Bernie Sanders suspended his presidential campaign exactly one month ago Friday, and days later he endorsed Joe Biden, the apparent Democratic presidential nominee. But Sanders and the remains of his campaign apparatus are in some ways acting as if the campaign is still going, raising questions about the message he's sending to his progressive movement.
Sanders continues to send regular fundraising emails to supporters, and his Twitter profile still says "candidate for President." He uses his website — "BernieSanders.com" — for regular livestreamed town halls with high-profile guests supportive of his ideas.
And Sanders has at times struck a competitive tone since leaving the race, suggesting a reluctance to fully embrace Biden, as he tries to move the party’s leader to the left.
Sanders' team is continuing its fight for delegates. Recently, it fought back aggressively against a decision by the New York State Board of Elections, citing coronavirus fears, to remove Sanders’ name from the state’s June 23 primary ballot — essentially ceding all the state’s delegates to Biden.
Top aides fired off statements calling the move an "outrage" and "a blow to American democracy."
A federal judge reversed the decision this week, after Andrew Yang, another 2020 Democratic hopeful who endorsed Biden after dropping out, sued on behalf of Sanders and eight other candidates whose names were also removed. The Board of Elections has since appealed, but for now a competitive Democratic presidential primary is back on in New York.
Sanders’ fight for ballot access, even absent a formal campaign operation, showed how he and his allies view his role within the Democratic Party. Not only does Sanders’ presence on the ballot help drive progressive turnout in down-ballot contests, supporters say, but by accumulating more delegates, Sanders will have more leverage over the party’s platform and Biden’s policy choices.
Many of the campaign's top operatives have branched out to new projects. Three PACs and super PACs run by former Sanders senior advisers and confidants have been created in the weeks since his departure from the race, including one started by his former campaign co-chair Nina Turner.
"We absolutely need you in the 20 contests that are left to cast your vote for Sen. Bernie Sanders,” Turner said this week during the online launch of Once Again PAC, one of the groups formed to advocate for Sanders’ key policy proposals.
The delegates earned in the remaining contests, Turner added, will give “progressives the opportunity to participate in the strongest fashion possible on the floor of the DNC during the convention —whether that floor is virtual, or whether it is live and in living color.”
Neither the Biden campaign nor Sanders team responded to requests for comment. But both sides have released joint statements and created six working groups to help shape the party platform and future policy proposals.

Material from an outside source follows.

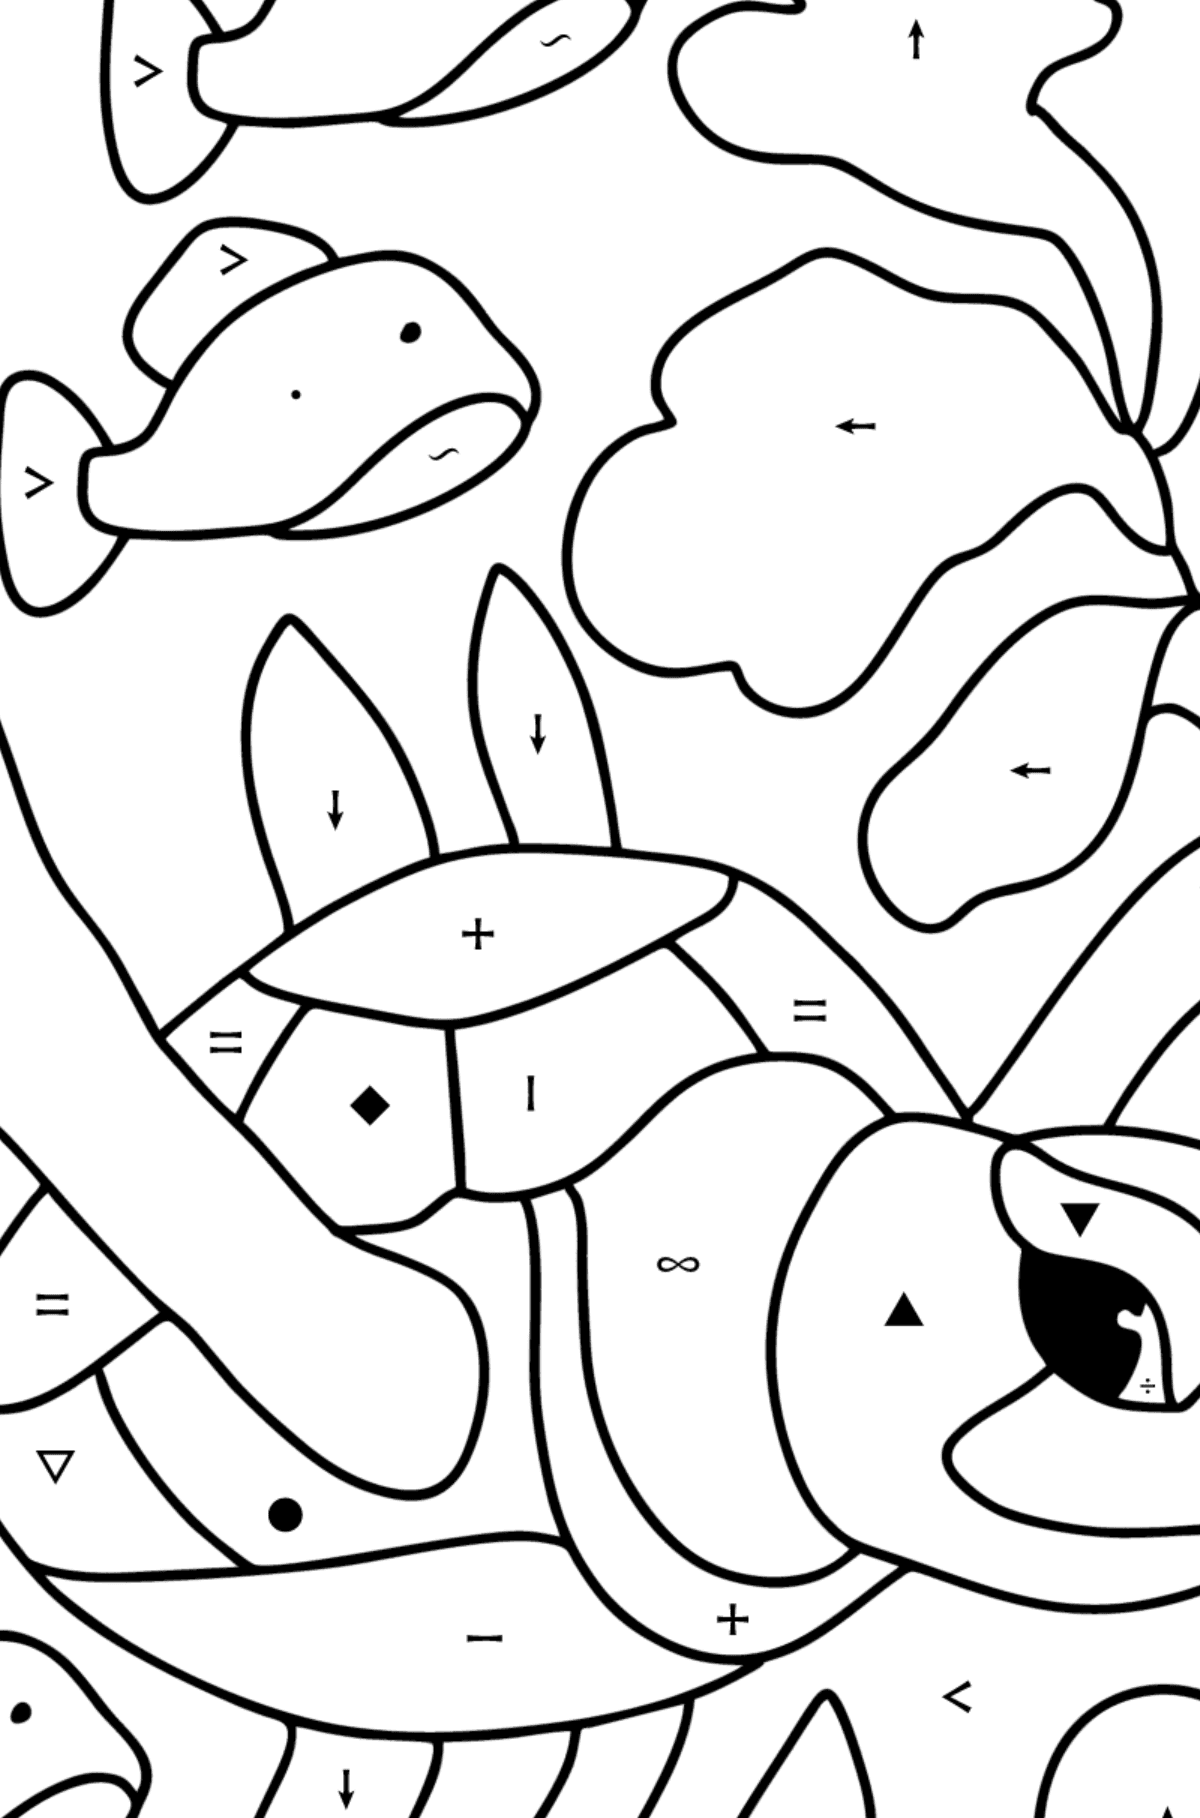 Sea turtle coloring page - Coloring by Symbols for Kids

Since the start of his 2020 campaign, Sanders, an independent from Vermont, assured anyone who asked that he planned to support the Democratic nominee. Less than a week after ending his campaign, he joined Biden in a livestream to announce his endorsement of the former vice president — far earlier than in 2016, when he took more than a month before endorsing then-rival Hillary Clinton.
But with a section of Sanders supporters, almost 1 out of 4 according to a recent poll, still less than enthusiastic about getting behind the 77-year old Biden, Sanders — himself 78 — has shown little effort to bring them aboard so far.
“I think it could be a problem if Bernie doesn’t begin to weave the importance of supporting Joe Biden into his public discourse,” former Sen. Claire McCaskill, a Democrat of Missouri, said in an interview. “He has not done that yet.”
McCaskill, an NBC News contributor, acknowledged that much of the political world is operating under unique circumstances, given the coronavirus pandemic. “When the time comes that political events can occur, I believe that Bernie will campaign at those events for Joe Biden. I am optimistic that that will happen, because Bernie is a man of his word,” she said.
But Sanders hasn’t used his unmatched email list to fundraise for Biden, despite doing so in recent weeks for COVID-19-related causes and progressive congressional candidates who’ve supported his candidacy in the past.
His livestream events with high-profile guests including Massachusetts Sen. Elizabeth Warren to New York Rep. Alexandria Ocasio-Cortez have largely focused on the pandemic but haven’t referred to Biden, his campaign or his plans.
Joe Trippi, who ran Howard Dean’s unsuccessful 2004 presidential campaign, said Sanders’ posture toward Biden thus far isn’t “unusual at all.”
Dean, another progressive whose campaign set early online fundraising records for small-dollar donations, waited months before using his list to help Democratic nominee John Kerry, after a primary that exposed sharp ideological divides around support for the Iraq War.
“The reality is if you still want to try to get the 'Medicare for All' plank in the platform, you want your supporters to be with you, your delegates to be with you,” Trippi said.
“What we’re seeing here is a complicated in-between,” said Daniel Schlozman, an assistant professor of political science at Johns Hopkins University who wrote the 2015 book “When Movements Anchor Parties: Electoral Alignments in American History.”
“It goes back to Sanders’ ambivalence about, from the get-go, the Democratic Party, whose nomination he sought and which he never formally joined,” Schlozman said. “Whether it is smart or dumb, it is Bernie Sanders performing like Bernie Sanders.”